So in your situation you were requesting 4 nodes in the first component of the hetjob and then the default command ran only requested 1 node.
This would had happened on a regular srun as well.
This patch
diff --git a/src/srun/srun.c b/src/srun/srun.c
index 0ec2b215cf..c681c23c06 100644
--- a/src/srun/srun.c
+++ b/src/srun/srun.c
@@ -559,7 +559,9 @@ static void _launch_app(srun_job_t *job, List srun_job_list, bool got_alloc)
sizeof(uint32_t *));
memcpy(job->het_job_tids, tmp_tids,
sizeof(uint32_t *) * job->het_job_nnodes);
- job->het_job_node_list = xstrdup(job->nodelist);
+ (void) slurm_step_ctx_get(job->step_ctx,
+ SLURM_STEP_CTX_NODE_LIST,
+ &job->het_job_node_list);
job->het_job_tid_offsets = xcalloc(job->ntasks,
sizeof(uint32_t));
Fixes this problem as well.
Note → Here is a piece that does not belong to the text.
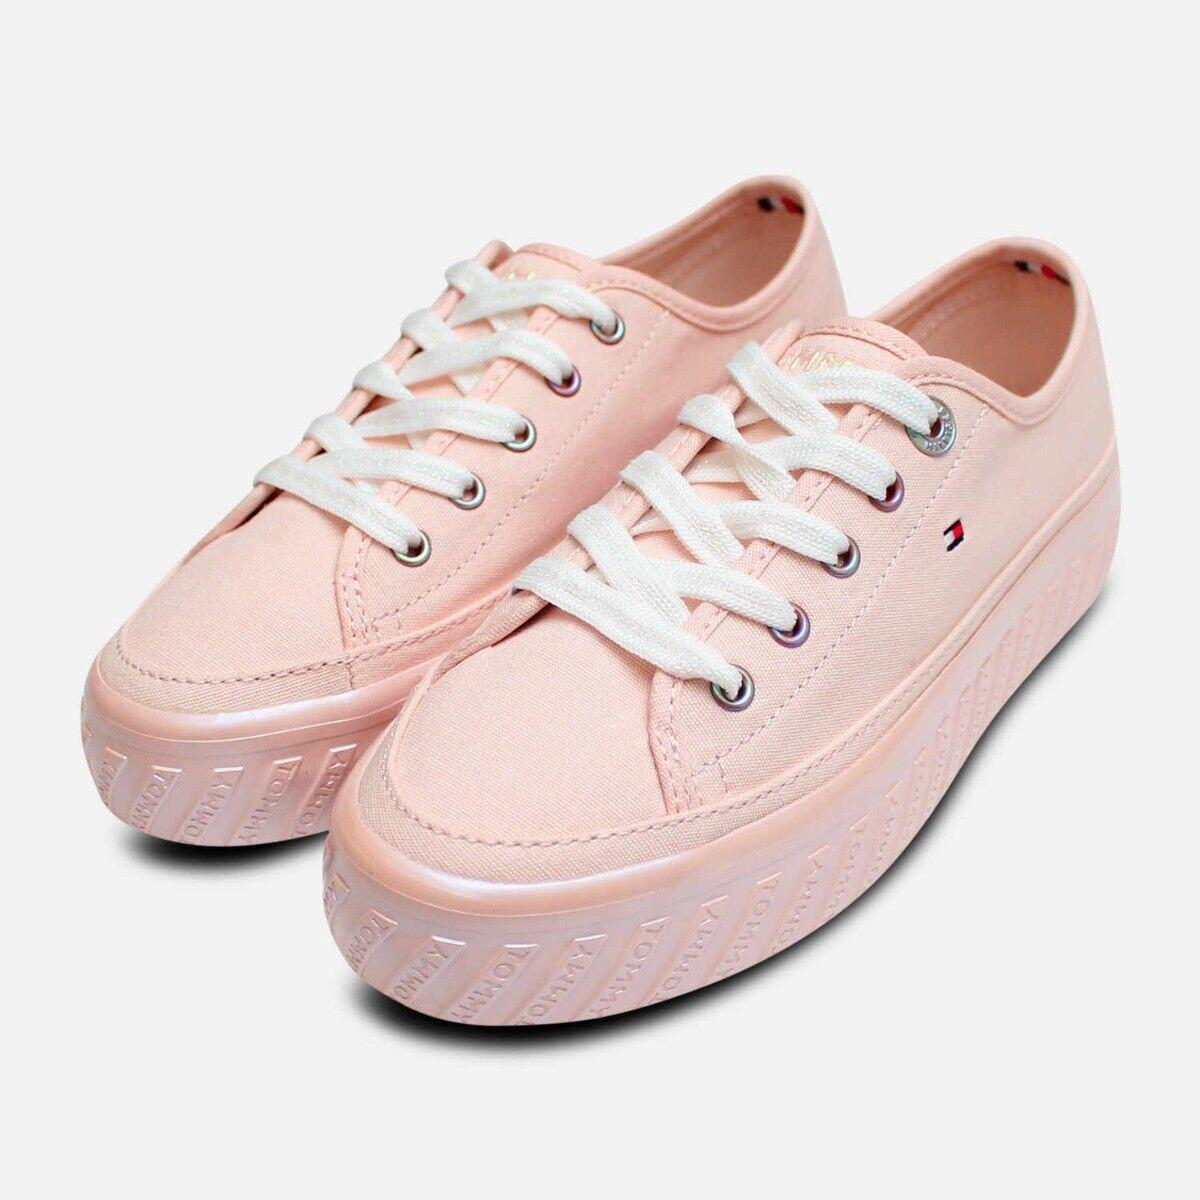 Tommy Hilfiger Flatform Detail Sneakers in Pink Canvas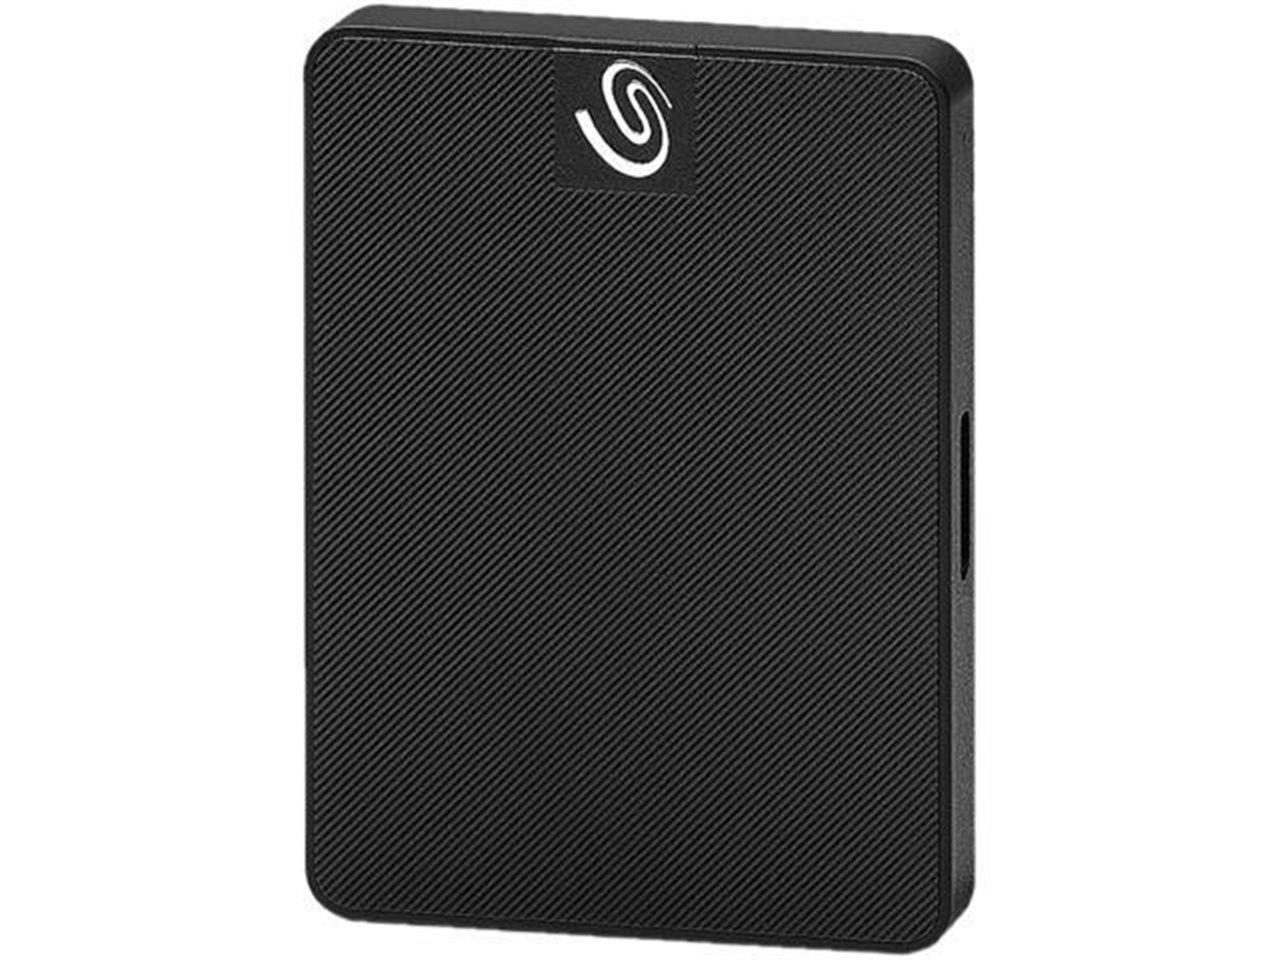 Seagate Expansion SSD 500GB black STJD500400

At the moment I am thinking this will probably go into 19.05 so you can at least run hetjobs there until you upgrade. It is clear though no one on your system is running hetjobs in salloc ;).
This along with the already attached patch appears to fix everything as you would expect.
Let me know if you find differently. We are looking to tag on Thursday, so any amount of extra testing would be very welcome if you would like this in the next version of Slurm.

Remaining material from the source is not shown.